No prelúdio, anterior à Primeira Era, havia uma besta negra que nos caçava na penumbra, nos predando como crias indefesas. A impiedosa Endamyan ergueu-se contra o massacre causado pela fera, e com sua bravura nos ensinou o valor da coragem. Ela abateu o algoz, libertando do ventre da besta a personificação carnal de Nhãmrú. Essa por sua vez negou o título de Nhãmrú, alegando ser nada mais do que o caminho para a Aura. Essa criatura misteriosa trouxe Nyranuai de Yangá'ráv, o plano espiritual e dimensão dos mortos, que havia sido morta pela besta negra. A personificação recebera muitos nomes e quando ela aprendeu nossa língua, escolheu um deles entre vários. Assim essa figura mítica, uma lunno pura, ficou conhecida entre os awbhem como Sý'Einna.

Sý'Einna tomou Endamyan como sua primeira Discípula e Nyranuai como a segunda.
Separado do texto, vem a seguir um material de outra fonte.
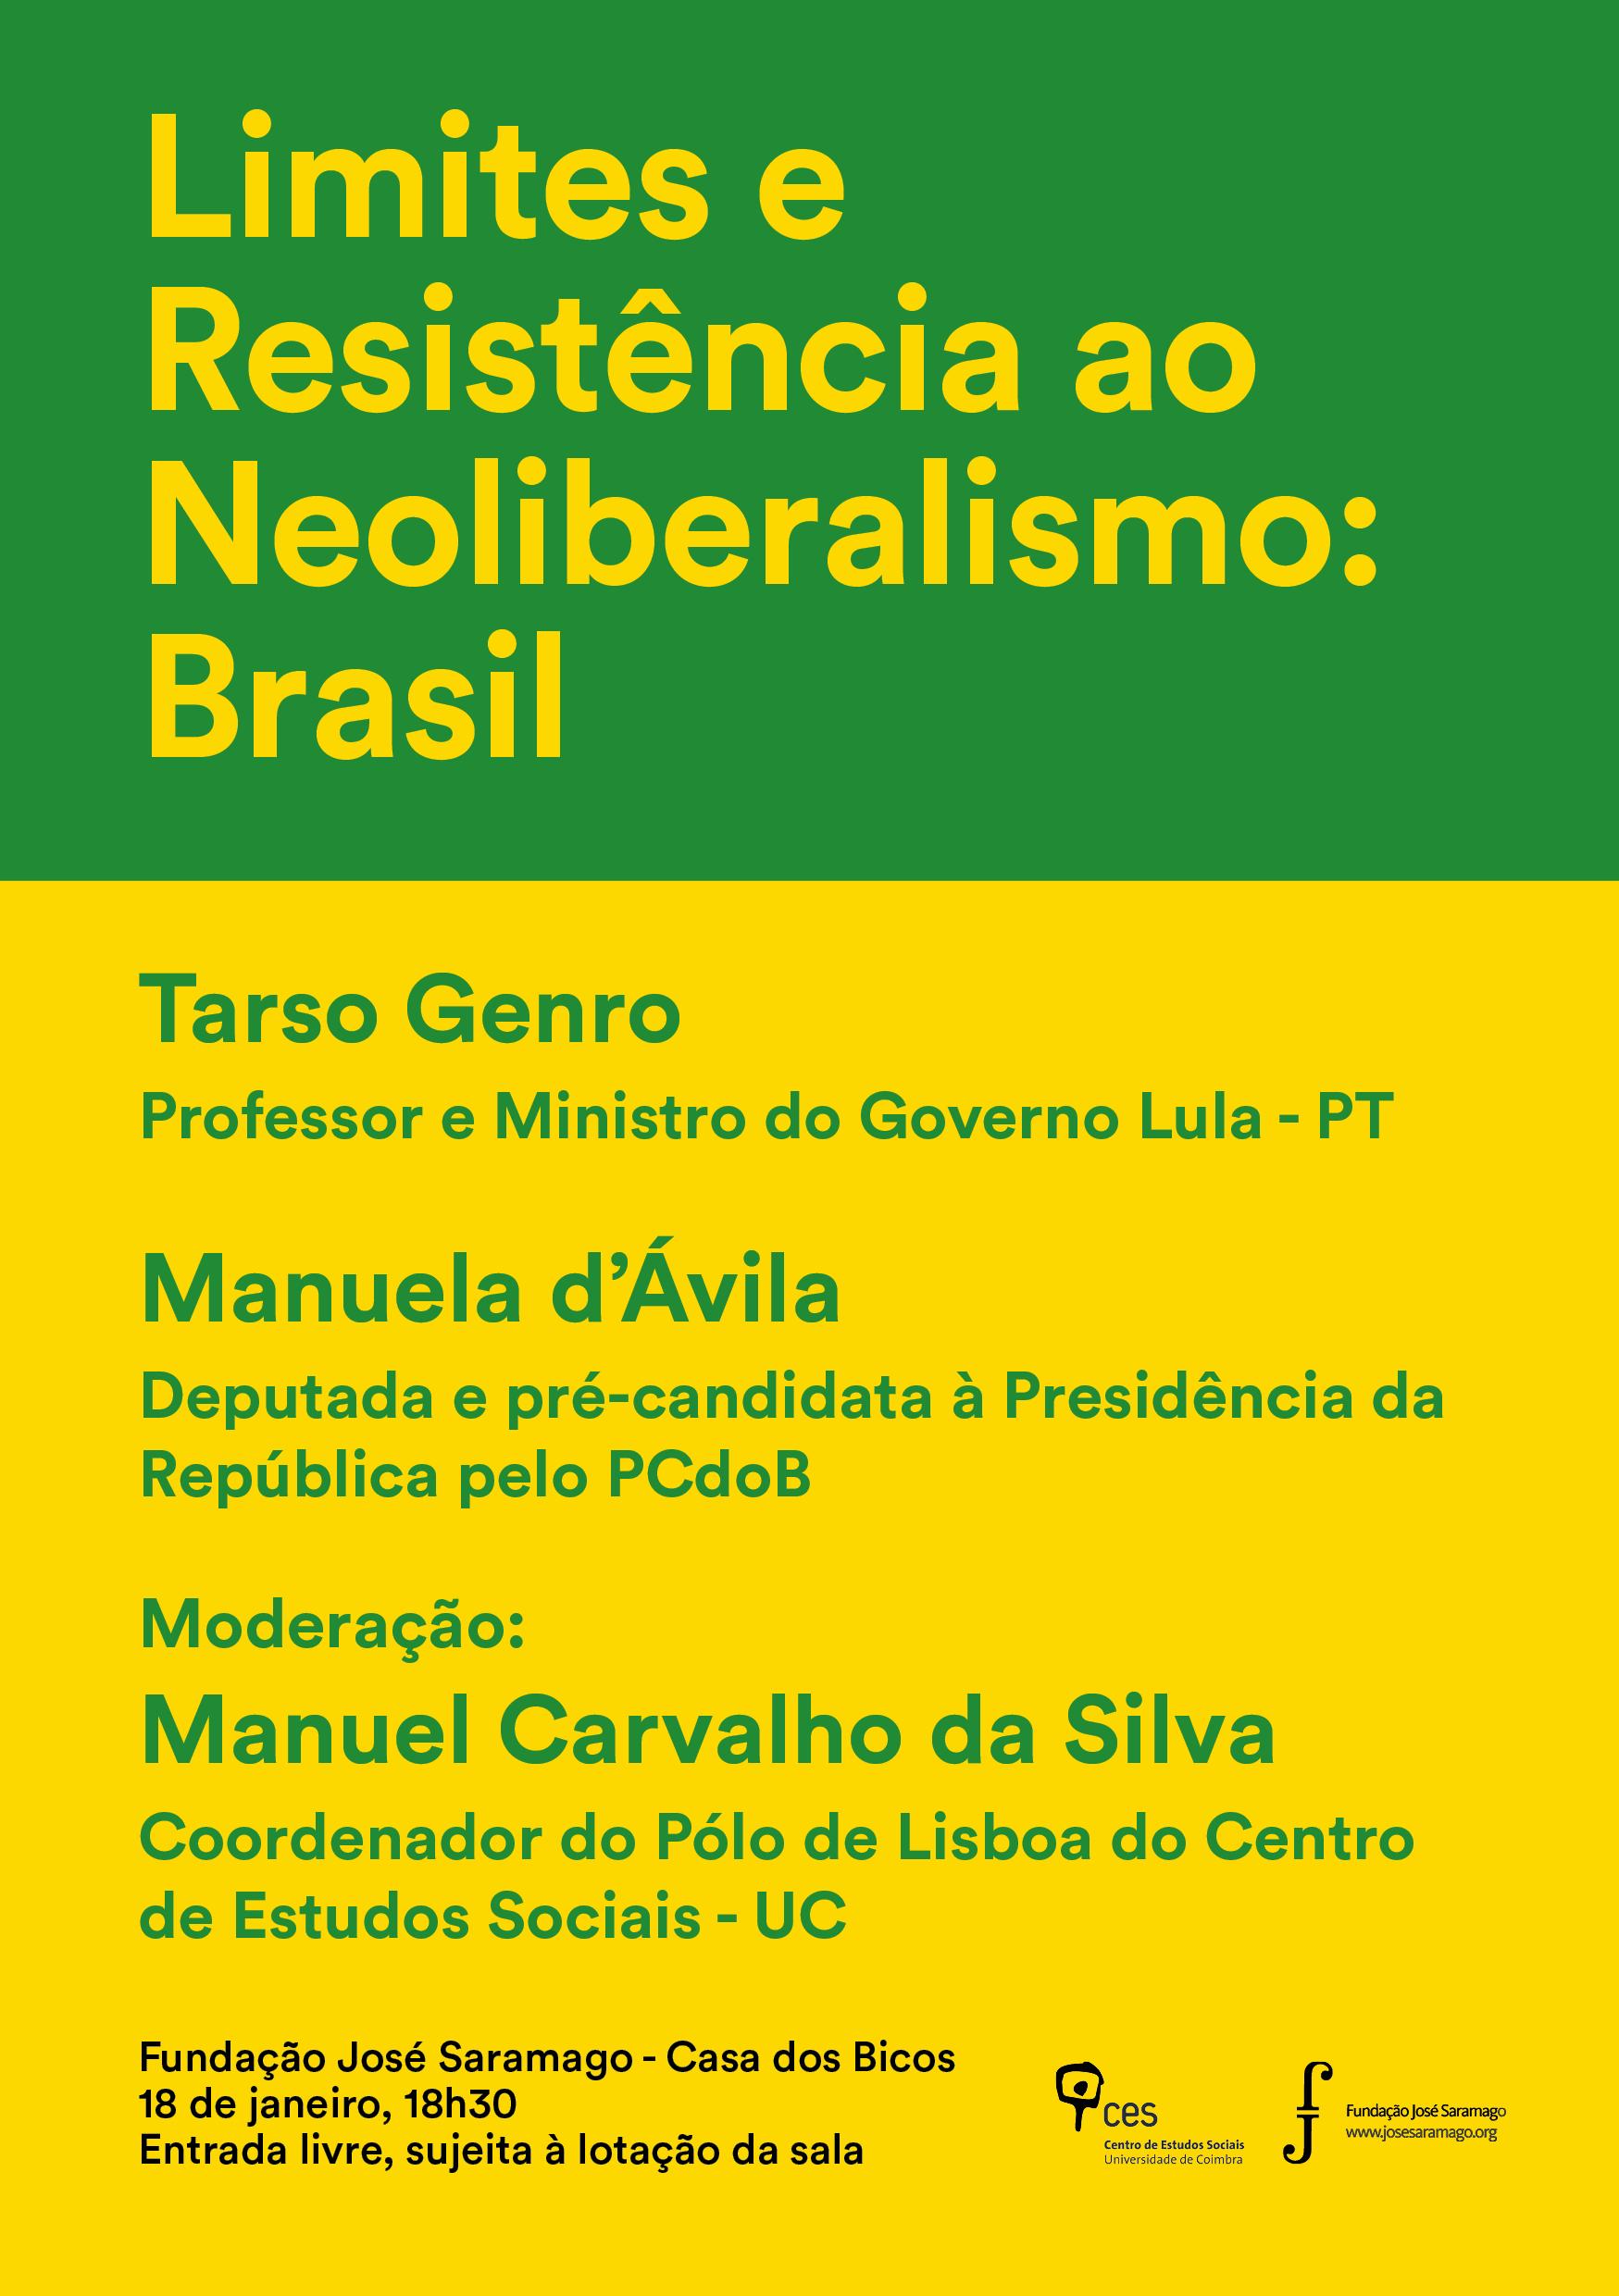 "Limites e Resistência ao Neoliberalismo: Brasil<span id=""edit_18985""><script>$(function() { $('#edit_18985').load( ""/myces/user/editobj.php?tipo=evento&id=18985"" ); });</script></span>"

Após isso, peregrinou com elas por toda Gállen primitiva, forjando alianças com as seis tribos maiores, escolhendo uma nova seguidora para cada localidade. Existem contos épicos, misticismo e erudição em torno da origem e escolha de cada uma, mas não os abordarei nesse pergaminho por se tratar de um tema muito extenso. É importante observar que as seis discípulas então formaram um elo poderosíssimo entre os povos e Sý'Einna, tornou-a a Matriarca.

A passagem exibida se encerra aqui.